Softley allows the tension to build slowly, using props as touchstones to help us find our way through the picture. (My favorite is a spooky, scratchy conjurers' recording from the '20s, which sounds like something from the 1981 Brian Eno/David Byrne collaboration "My Life in the Bush of Ghosts," only creepier.) This is just the kind of thriller you'd expect Softley to make -- if you ever know what to expect from Softley. His previous pictures include "The Wings of the Dove," a Henry James adaptation with a seductively soft look and a suprisingly sharp edge, and the Stu Sutcliffe biopic "Backbeat," which I consider his finest picture, as well as one of the greatest rock 'n' roll movies ever made. Softley is an intelligent, thoughtful director, and the travesty "K-Pax" is the proof. It's a picture that's hated, with very good reason, by almost everyone, but the typical Softley care and workmanship is there in every scene. There is such a thing as a noble failure, although I confess I wouldn't want to suffer through "K-Pax" again just to diagram the flow of its scenes or to relive its astonishing visual textures.

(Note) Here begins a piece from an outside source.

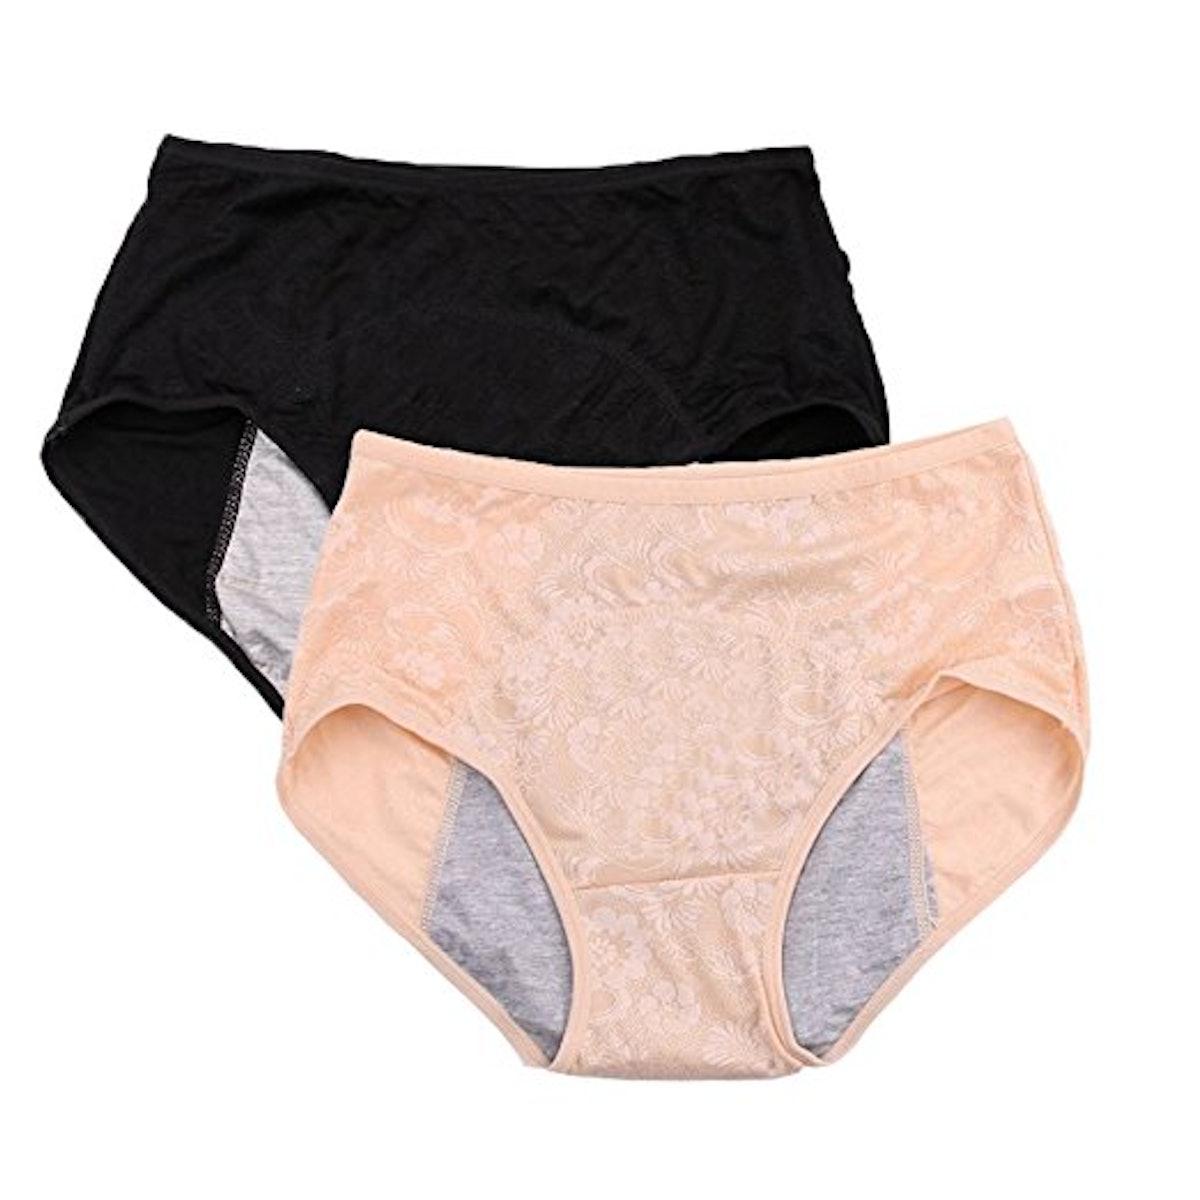 YOYI FASHION Menstrual Briefs (Sizes XS-4XL) (2 Pack),

But with "The Skeleton Key," we're clearly in the hands of someone who knows what he's doing, and this time, we're having fun. The performances don't hurt: Rowlands gives us polite Southern graciousness with enough sinister undertones to keep us guessing -- is she a genuine bad 'un, or just fruity and reclusive? And Hudson, in addition to looking lovely in those skivvies, is given a far more interesting vehicle than the dumb romantic comedies she's been saddled with: Her character is a sunny idealist who dreams of becoming a nurse, but Hudson also shows us the dark, muted layers of determination beneath those ambitions. In this picture more than any other -- with the possible exception of "Almost Famous" -- I see the best qualities of her mother, Goldie Hawn, an extraordinary actress who sabotaged her own career by getting too hung up on being a beloved cuddlebug. There's lots of hope for Hudson, who, like her mother, is adorable, but who, also like her mother, has a flinty directness that's borderline intimidating.
No director yet has found the best use for Hudson, the role that will tap those terrifying and thrilling reserves that are just lying in wait. But Softley comes closer than anybody has. He always knows what he's doing -- he now needs more and better chances to actually do it.